Like a regular compiler, the mC compiler is divided into 3 main parts: front-end, back-end, and a core in-between.
The front-end's task is to validate a given input using syntactic and semantic checks.
The syntactic checking is done by the *parser* which, on success, generates an abstract syntax tree (AST).
This tree data structure is mainly used for semantic checking, although one can also apply transformations on it.
Moving on, the AST is translated to the compiler's intermediate representation (IR) and passed to the core.
Invalid inputs cause errors to be reported.
The core provides infrastructure for running analyses and transformations on the IR.
These analyses and transformation are commonly used for optimisation.
Additional data structures, like the control flow graph (CFG), are utilised for this phase.
Next, the (optimised) IR is passed to the back-end.
The back-end translates the platform *independent* IR code to platform *dependent* assembly code.
An assembler converts this code to *object code*, which is finally crafted into an executable by the linker.
For these last two steps, GCC is used — referred to as *back-end compiler* in this context.
The mC compiler is implemented using modern C (or C++) adhering to the C11 (or C++17) standard.
## Milestones
1. **Parser**
- Inputs are accepted / rejected correctly (syntax only).
- Syntactically invalid inputs result in a meaningful error message containing the corresponding source location.
- An AST is constructed for valid inputs.
- The obtained AST can be printed in the DOT format (see `mc_ast_to_dot`).
2. **Semantic checks**
- The compiler rejects semantically wrong inputs.
- Invalid inputs trigger a meaningful error message including source location information.
- Type checking can be traced (see `mc_type_check_trace`).
- Symbol tables can be viewed (see `mc_symbol_table`).
3. **Control flow graph**
- Valid inputs are convert to IR.
- The IR can be printed (see `mc_ir`)
- The CFG can be printed in the DOT format.
4. **Back-end**
- Valid inputs are converted to IR and then to assembly code.
- GCC is invoked to create the final executable.
5. **Build Infrastructure**
- Your code builds and tests successfully on my evaluation system.
## mC Language
This section defines *mC* — a simple, C-like language.

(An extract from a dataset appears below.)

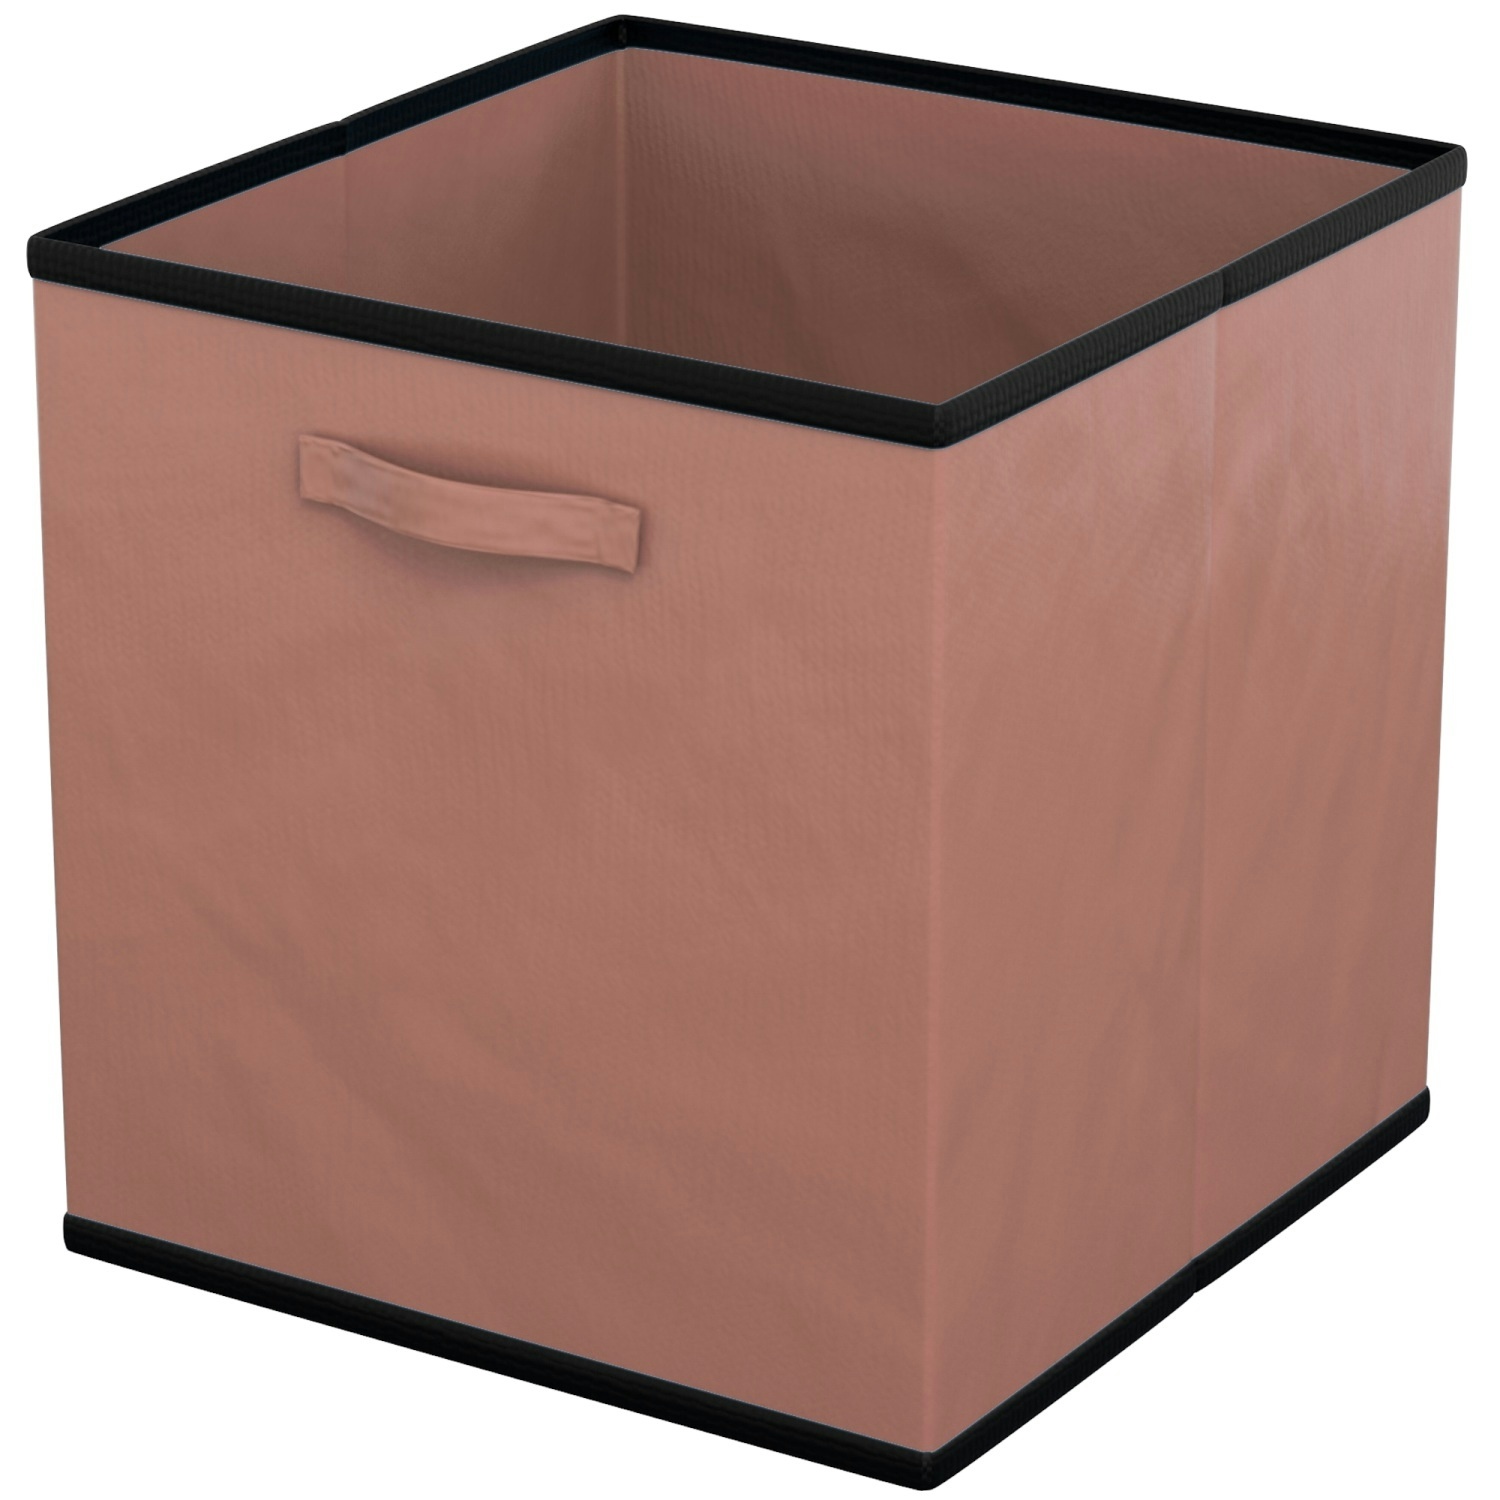 Intirilife 6x faltbare Aufbewahrungs-Stoffbox in Braun - 26.7 x 26.7 x 28 cm - Multifunktionale Sammelbox zum Kombinieren mit Schränken oder Regalen

The semantics of mC are identical to C unless specified otherwise.
### Grammar
The next segment presents the grammar of mC using this notation:
- `#` starts a line comment
- `,` indicates concatenation
- `|` indicates alternation
- `( )` indicates grouping
- `[ ]` indicates optional parts (0 or 1)
- `{ }` indicates repetition (1 or more)
- `[ ]` and `{ }` can be combined to build 0 or more repetition
- `" "` indicates a terminal string
- `/ /` indicates a [RegEx](https://www.regular-expressions.info/)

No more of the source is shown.